__What is needed__. Set down the full listing exactly as given. Any pictures are to be left out.

__Given data__.
=== Section Start ===

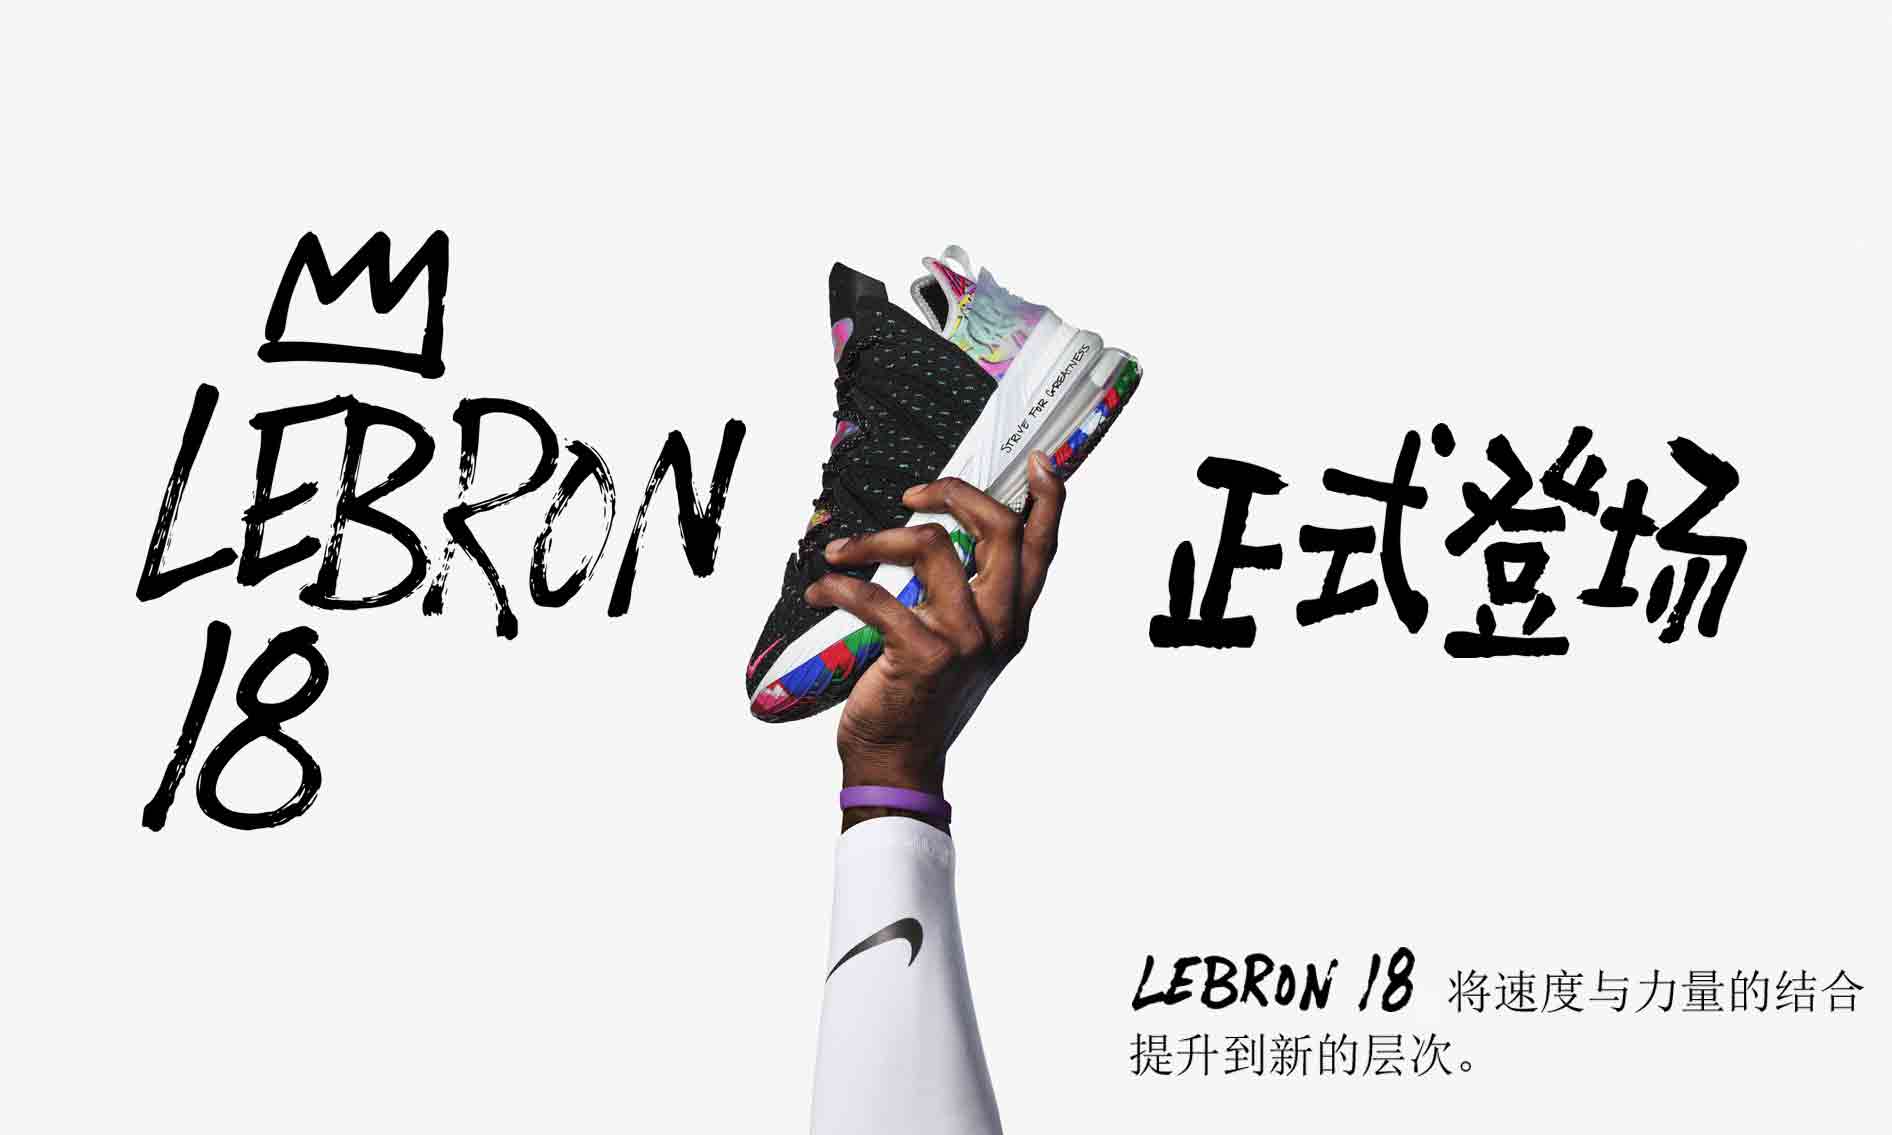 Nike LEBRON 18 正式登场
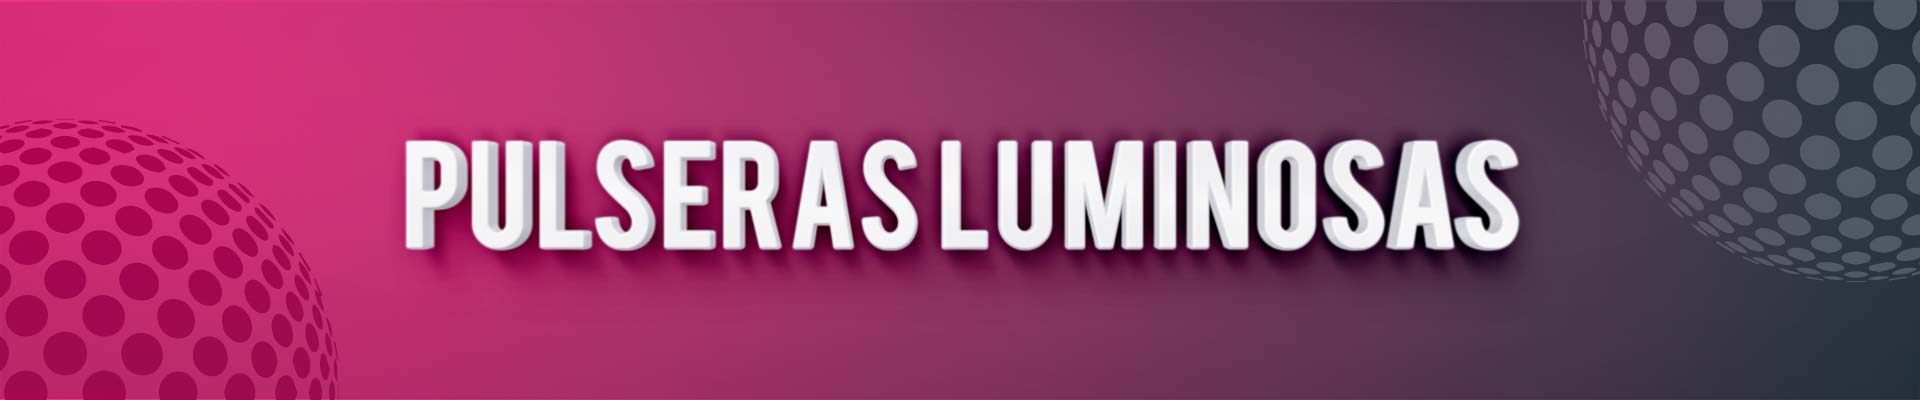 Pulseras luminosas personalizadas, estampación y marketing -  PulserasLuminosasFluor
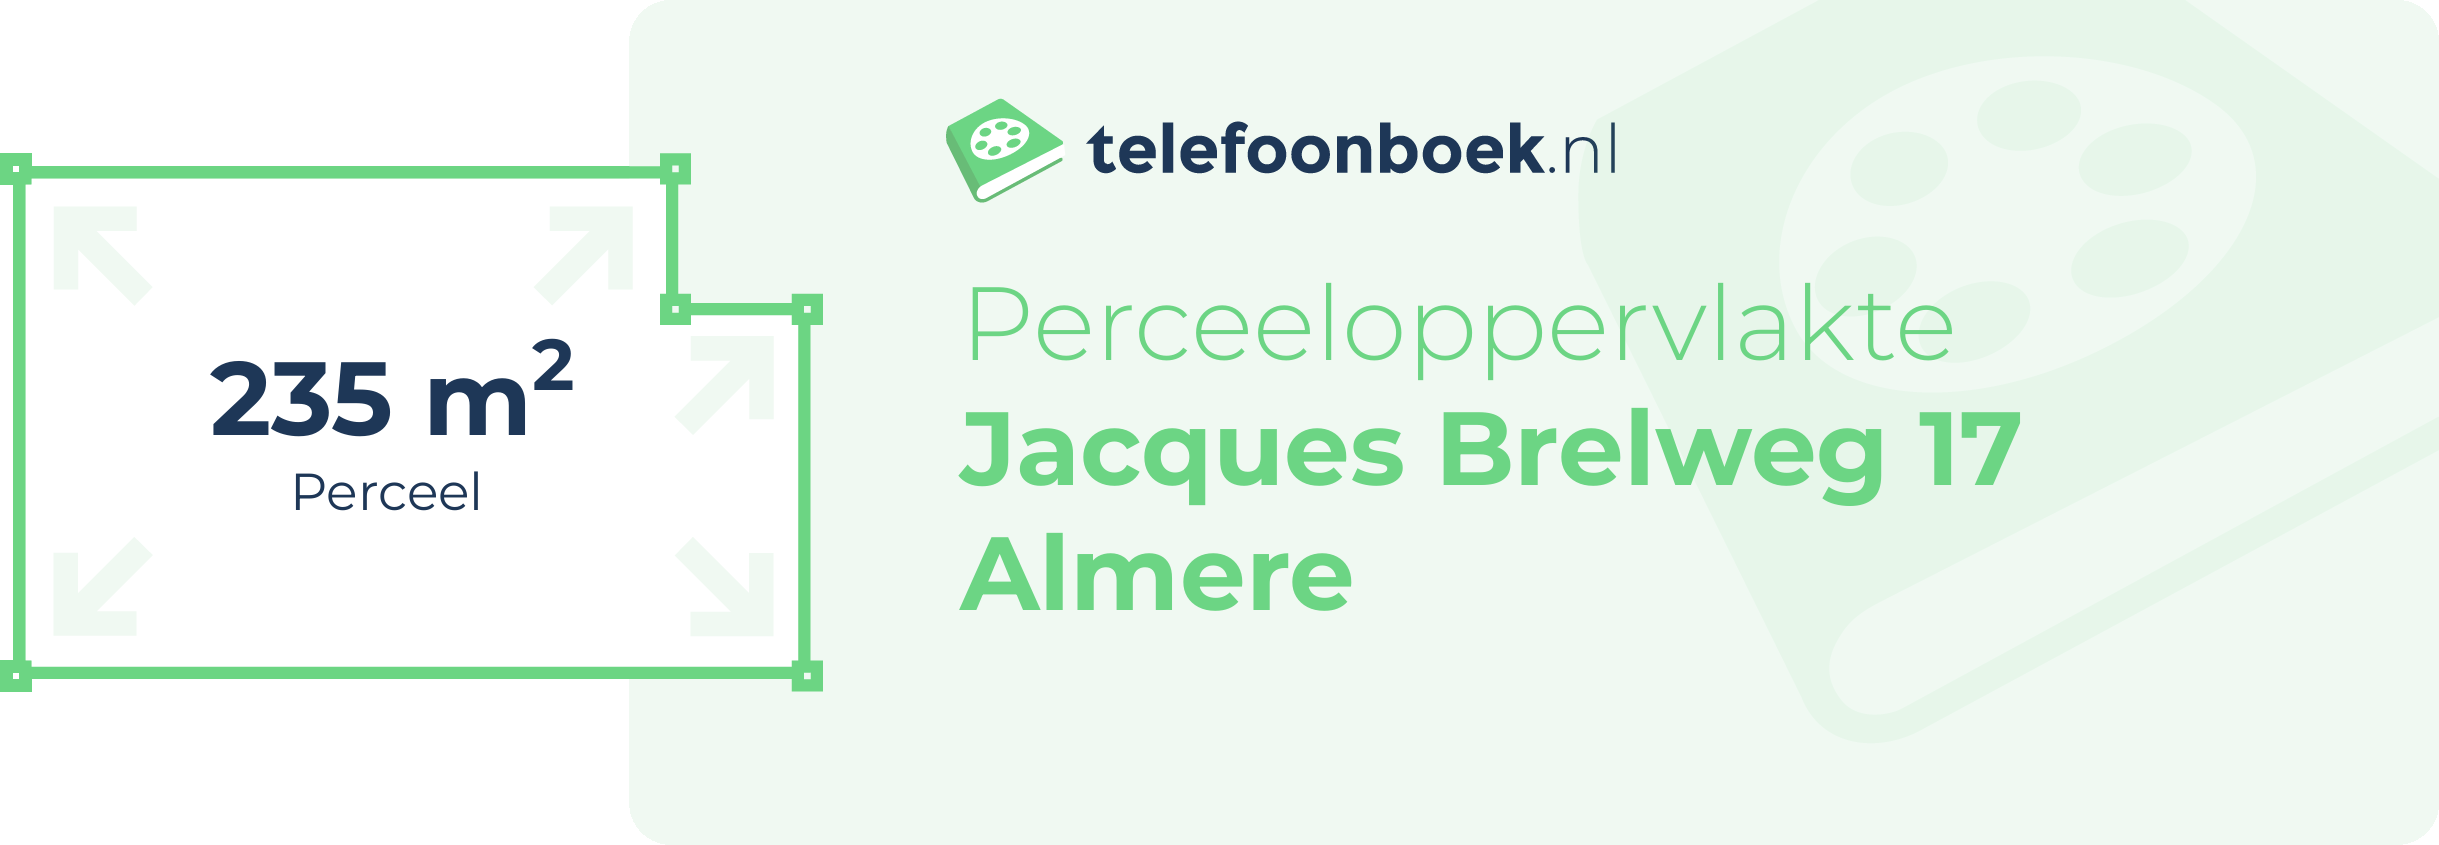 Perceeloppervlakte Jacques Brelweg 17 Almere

=== Section End ===

__Solution to the exercise__.
 Nike LEBRON 18 正式登场
 Pulseras luminosas personalizadas, estampación y marketing -  PulserasLuminosasFluor
 Perceeloppervlakte Jacques Brelweg 17 Almere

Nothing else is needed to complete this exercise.